僕がそれをしげしげと観ていると、河津がとてとてと近づいて、ボンバージャケットを裏返す。
そこには立派な虎が刺繍されていた。
(王頭の虎か。まさにって感じだ。)
「カッコいい!!!」
小日向が真新しい標的に飛びついた。
「それ良いでしょ?うちの兄貴が着なくなった服を、刺繍職人に頼んで裏地にやってもらったの。海外で大ウケよ。」
自己紹介が楽に済むらしい。
「ネコ科の肉食動物が野生にいる国だと、特にね。」
「先生は色んな国に行っているし、銃も撃てるので強いんですよ。お家も榎田病院ですし。」
歓声をあげ、少年のように目を輝かせる小日向を他所に、河津が自慢げに説明する。
余りにも、余りにも情報量が多かった。
「学生の頃から、何度も海外のボランティアに行ってたってだけよ。銃は、アフリカで身を守るために渡されたライフルを使っただけ。それと、確かに私の実家はここから山を超えた先の総合病院だけど…。
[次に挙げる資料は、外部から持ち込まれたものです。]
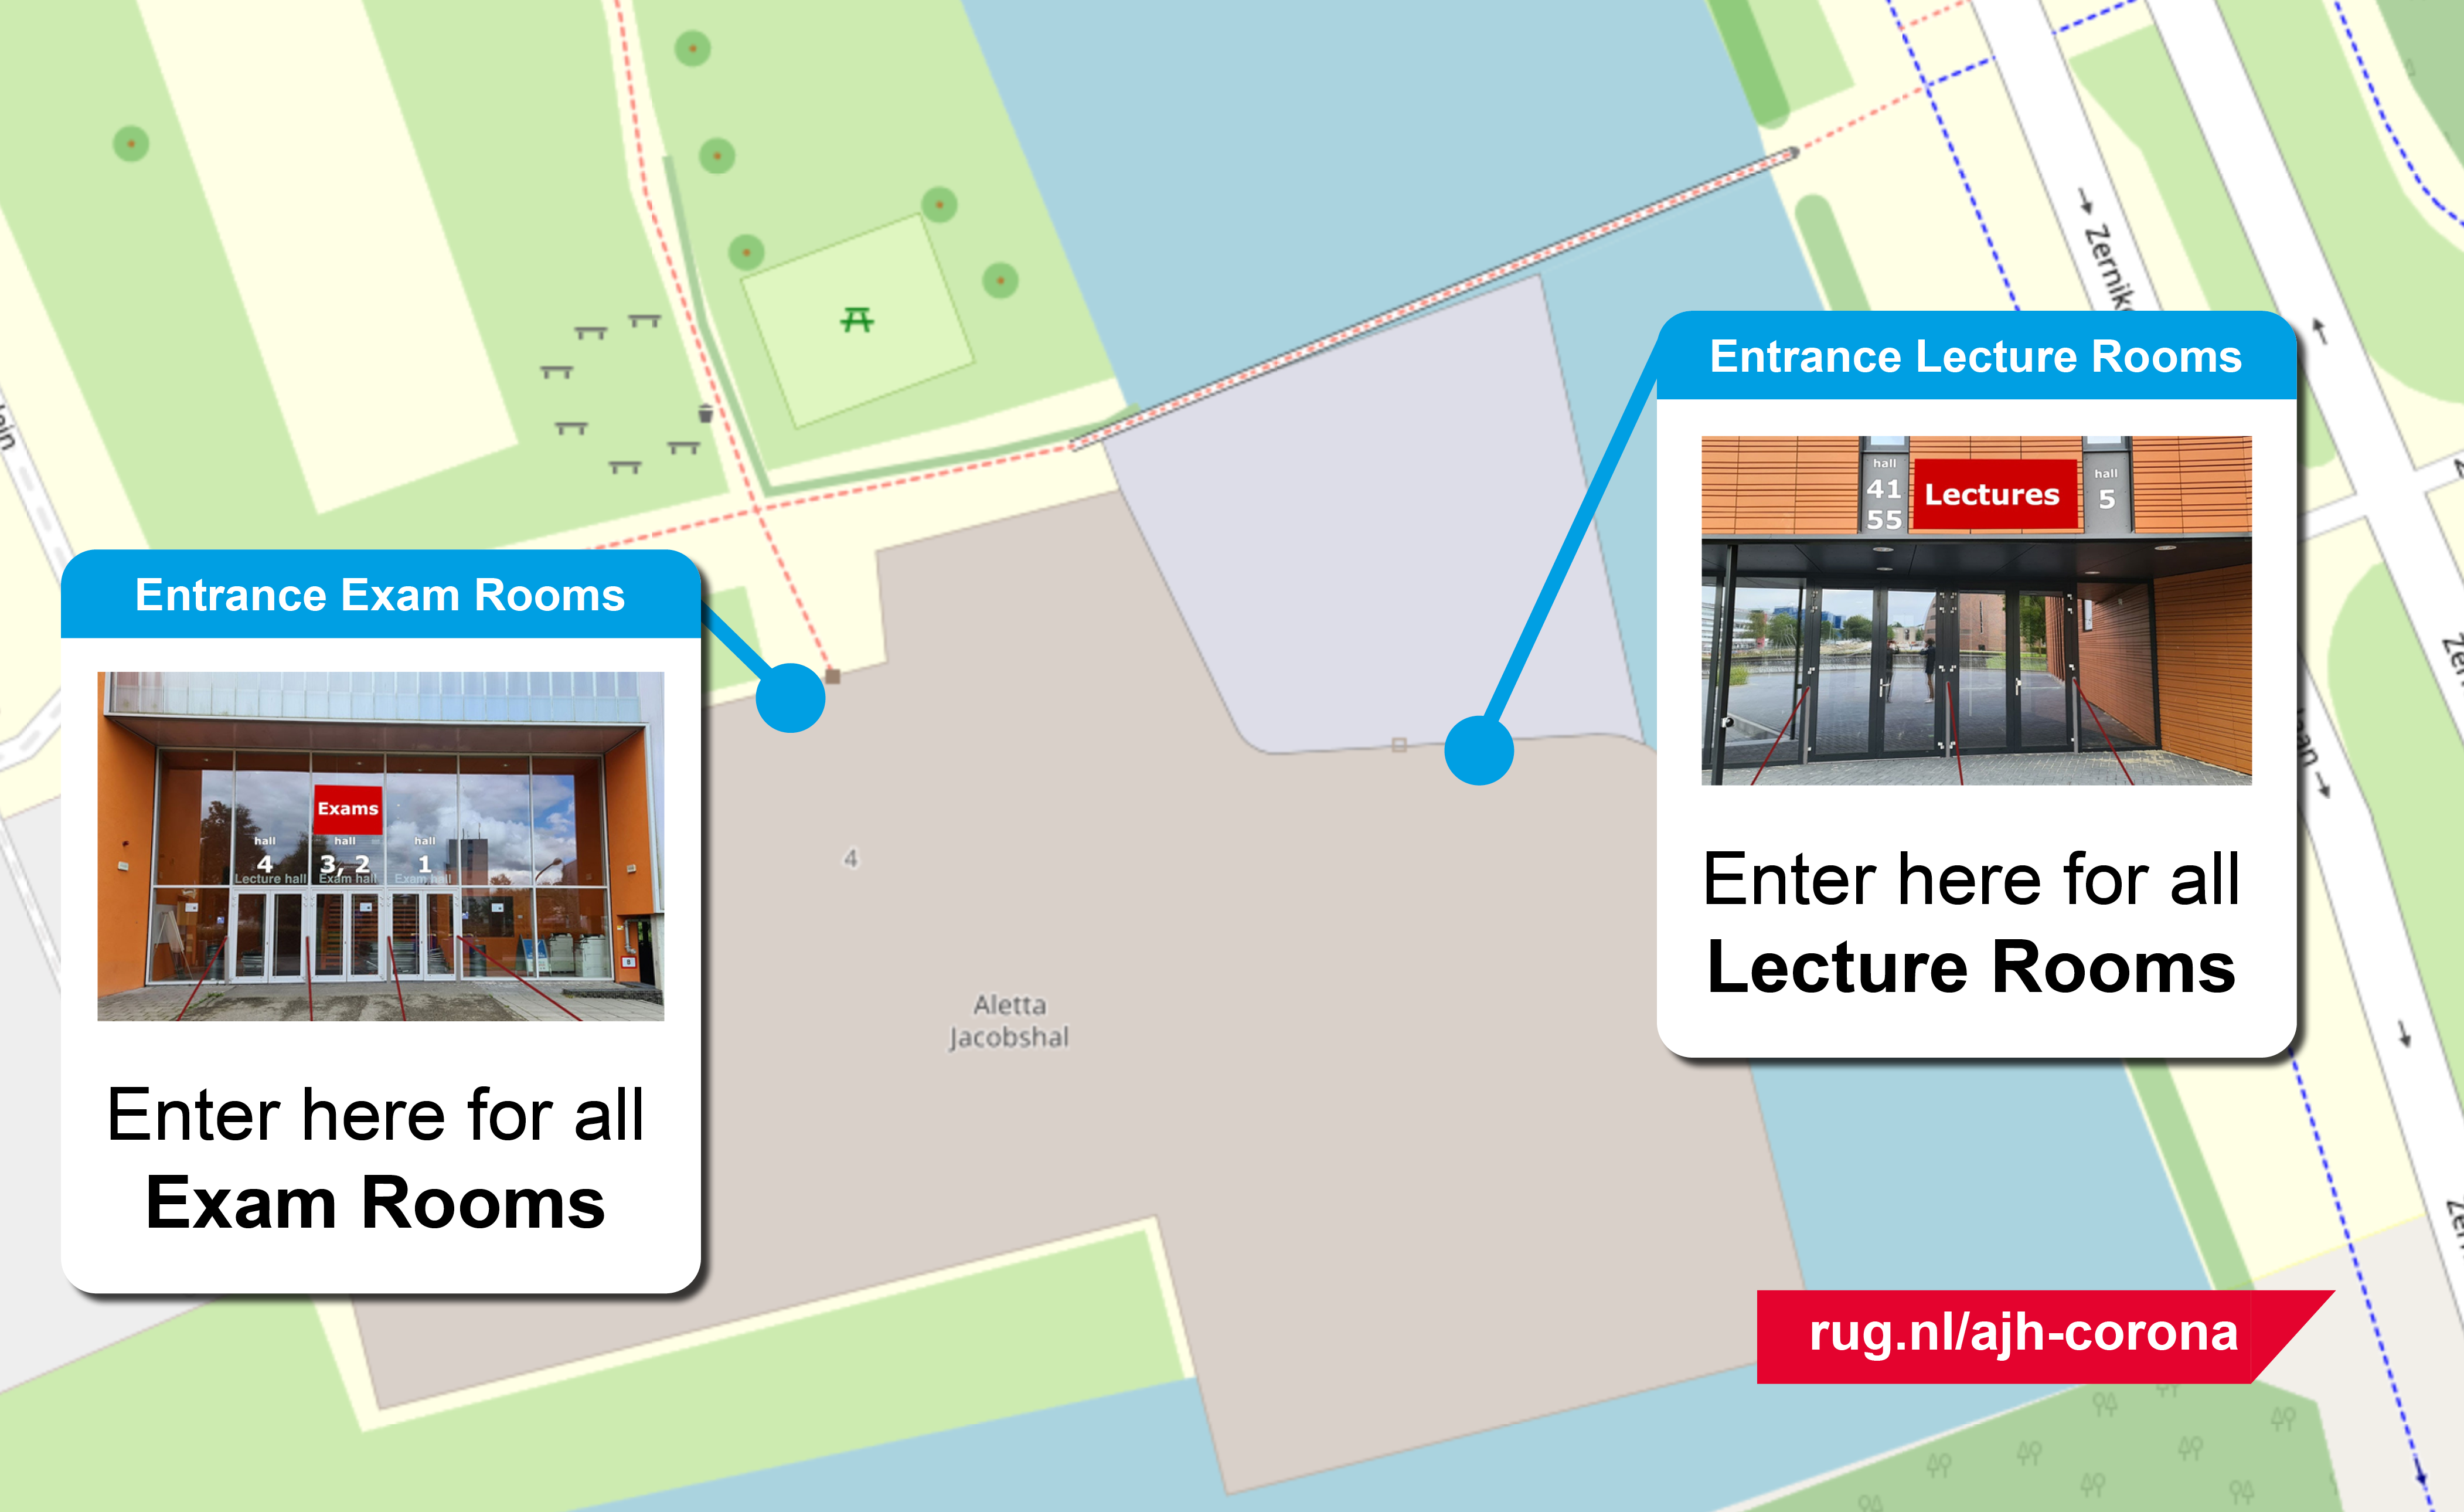 There are two separate entrances for the exams and lecture halls.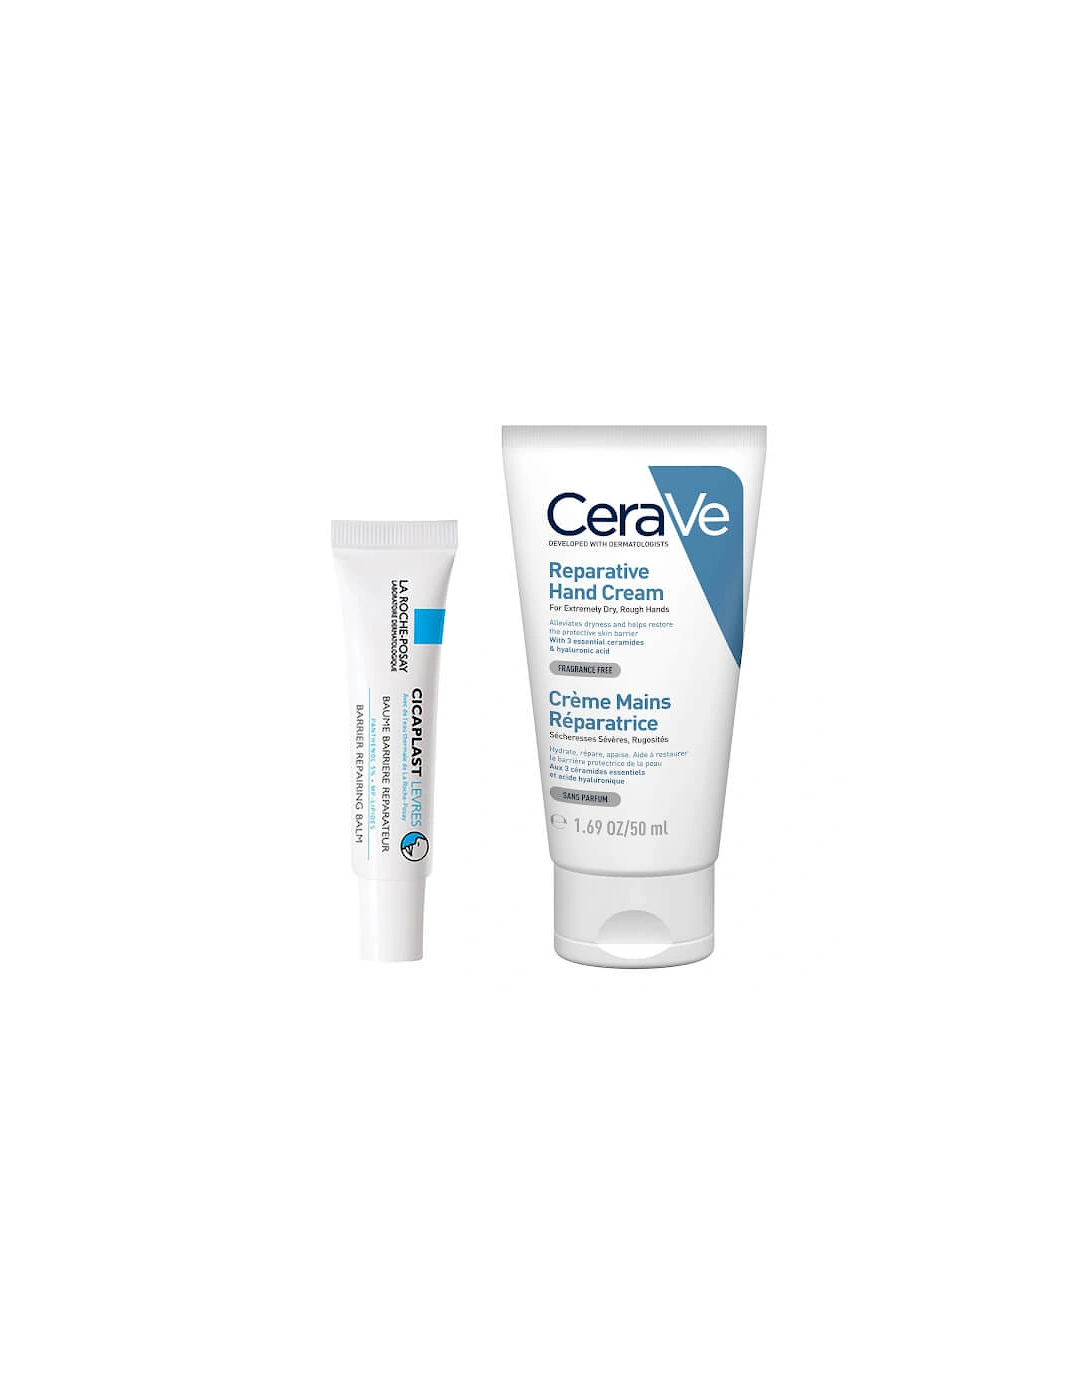 Repair and Hydrate Hand and Lip Duo Expert Skin Routine Bundle - CeraVe, 2 of 1

」
「すみません、榎田先生。情報量が多すぎるので、話を戻していいですか?」
「もちろん。」
肩をすくめる彼女にはまだ何かネタがありそうだった。
聞きたいような聞きたくないような。
「鷹村君、櫻子ちゃんからも事情を聞きました。私も協力させてくれないかしら?」
彼女は僕にきちんと正対する。
バイタリティーに満ち溢れた力強い眼だった。
「よろしくお願いします、と言っても、まだ取っ掛かりを掴んだくらいですが。」
「何だっていいのよ。それこそ職員室や外で話しづらいことは、保健室でやっちゃいなさい。」
そう言い終えた榎田先生は、すっと手を差し出した。
僕は何の躊躇いもなく、差し出された手を握る。
すると、驚くほど力強く握り返され、榎田純子という傑物から何かしらのエネルギーを貰った気がした。